Requirements Checklist

  • No code constructs or parses "{name}/{arity}".
  • Overload is represented as first-class, not a hack.

Completion Tests

  • Cross-module overload works.
  • Duplicate export of same (name, sig) fails deterministically.

PR-09 (3 pts) — Overload resolution rules (explicit, deterministic)

Briefing

Once overload exists, resolution rules must be explicit.

Target

Implement a deterministic overload resolver based on exact type match (no implicit hacks).

Scope

  • Exact-match resolution only (initially).
  • Clear diagnostic when ambiguous or missing.

Requirements Checklist

  • No best-effort fallback.

Completion Tests

  • Ambiguous call produces a clear diagnostic.
  • Missing overload produces a clear diagnostic.

Phase 4 — Eliminate Stringly-Typed Protocols & Debug Hacks

PR-10 (5 pts) — Replace origin: Option<String> and all string protocols with structured enums

Briefing

String prefixes like svc: and @dep: are fragile and non-industrial.

Target

All origins and external references become typed data.

Scope

  • Replace string origins with enums.
  • Update lowering/collector/output accordingly.

Requirements Checklist

  • No .starts_with('@'), split(':') protocols.

Completion Tests

  • Grep-based test/lint step fails if forbidden patterns exist.

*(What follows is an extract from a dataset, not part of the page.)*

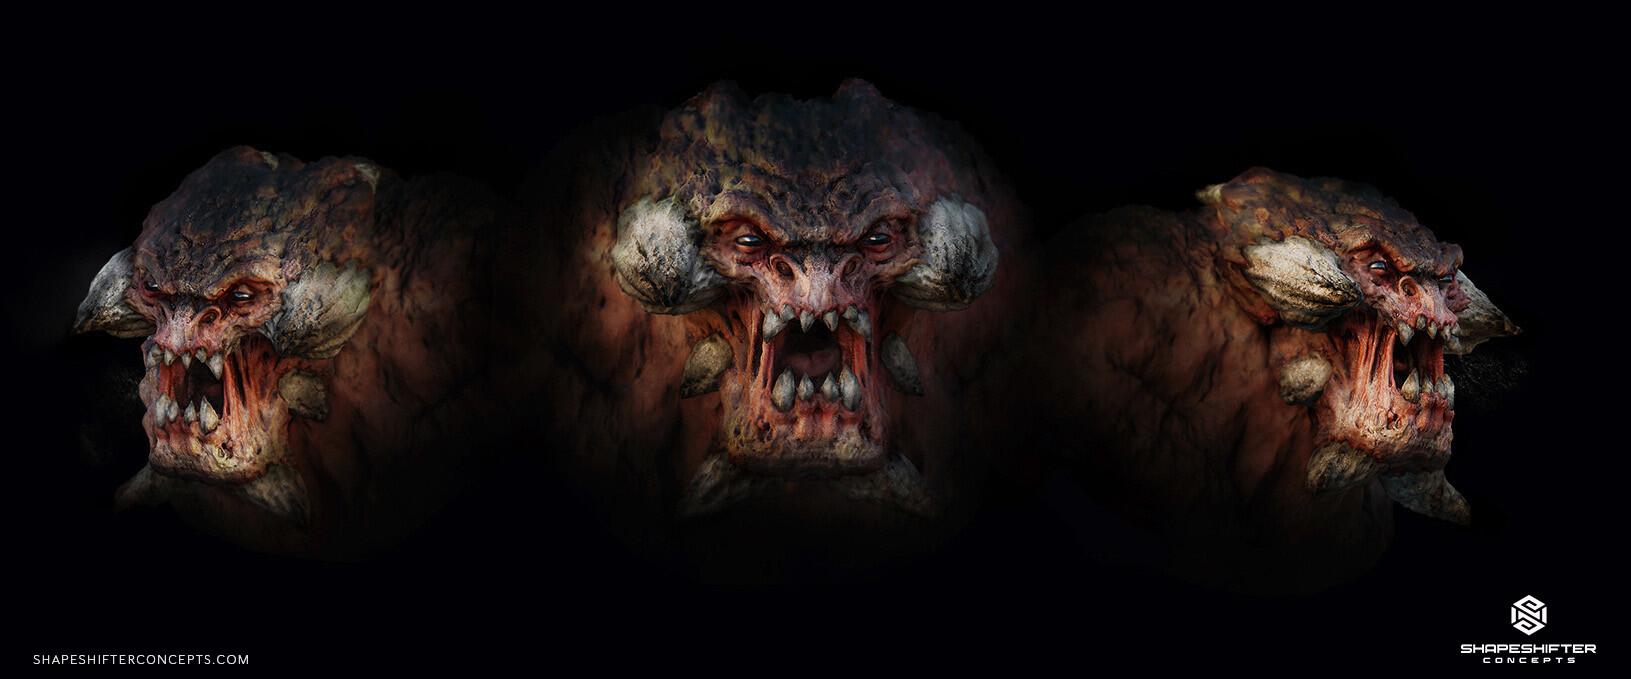 Shapeshifter concepts 200125 creature berserker 01
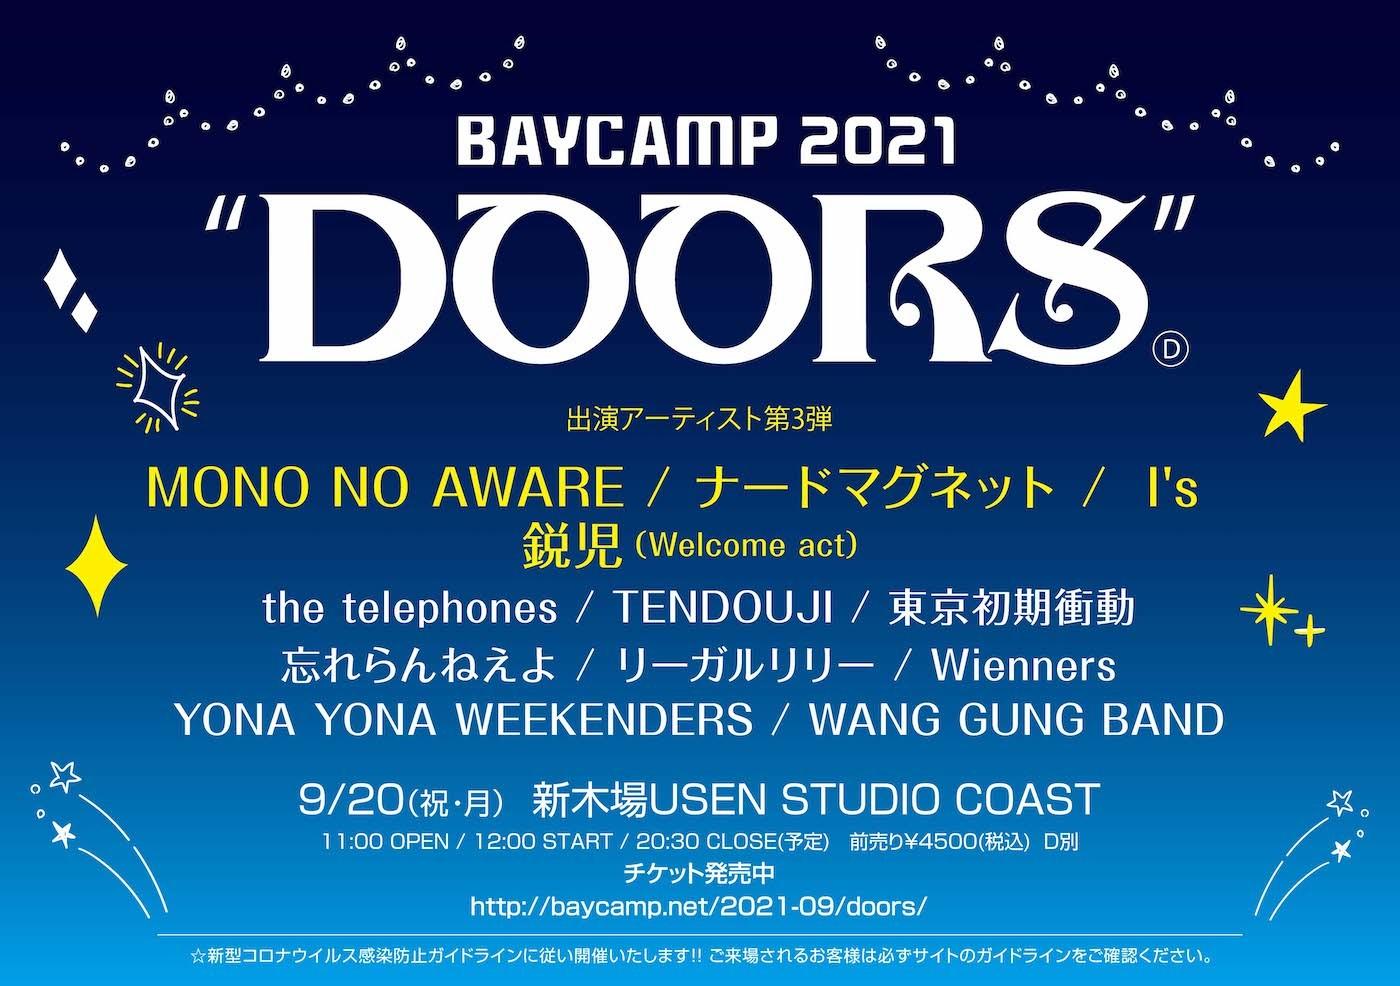 """『BAYCAMP 2021 """"DOORS""""』"""

PR-11 (5 pts) — DebugInfo V1: structured function metadata (no name@offset+len)

Briefing

Encoding debug metadata in strings is unacceptable.

Target

Introduce a structured debug info format that stores offset/len as fields.

Scope

  • Add DebugFunctionInfo { func_idx, name, code_offset, code_len }.
  • Remove all parsing of @offset+len.
  • Update orchestrator/linker/emit to use structured debug info.

Requirements Checklist

  • No code emits or parses @offset+len.

Completion Tests

  • A test that fails if any debug name contains @ pattern.
  • Debug info roundtrip test.

Phase 5 — Hardening: Diagnostics, Error Handling, and Regression Shields

PR-12 (3 pts) — Replace panics in critical build pipeline with typed errors + diagnostics

Briefing

unwrap/expect in compiler/linker transforms user errors into crashes.

Target

Introduce typed errors and surface diagnostics.

Scope

  • Replace unwraps in:

    • symbol resolution
    • import/export linking
    • entrypoint selection
  • Ensure clean error return with context.

Requirements Checklist

  • No panic paths for invalid user programs.

Completion Tests

  • Invalid program produces diagnostics, not panic.

Briefing

We need a system immune to opcode churn.

Target

Add tests that fail if:

  • linker steps bytes manually
  • decoder/spec drift exists
  • link order changes semantics

Scope

  • Link-order invariance tests.
  • Spec coverage tests.
  • Optional: lightweight “forbidden patterns” tests.

Requirements Checklist

  • Changing an opcode immediate size requires updating only the spec and tests.

Completion Tests

  • All new regression tests pass.

Summary of Estimated Cost (Points)

  • Phase 1: PR-01 (3) + PR-02 (5) + PR-03 (3) = 11
  • Phase 2: PR-04 (5) + PR-05 (3) + PR-06 (3) = 11
  • Phase 3: PR-07 (5) + PR-08 (5) + PR-09 (3) = 13
  • Phase 4: PR-10 (5) + PR-11 (5) = 10
  • Phase 5: PR-12 (3) + PR-13 (3) = 6

Total: 51 points

Note: If any PR starts to exceed 5 points in practice, it must be split into smaller PRs.


Non-Negotiables

  • No compatibility with legacy encodings.
  • No heuristics.
  • No string hacks.
  • One canonical decoder/spec/layout.
  • Everything in English (including review comments).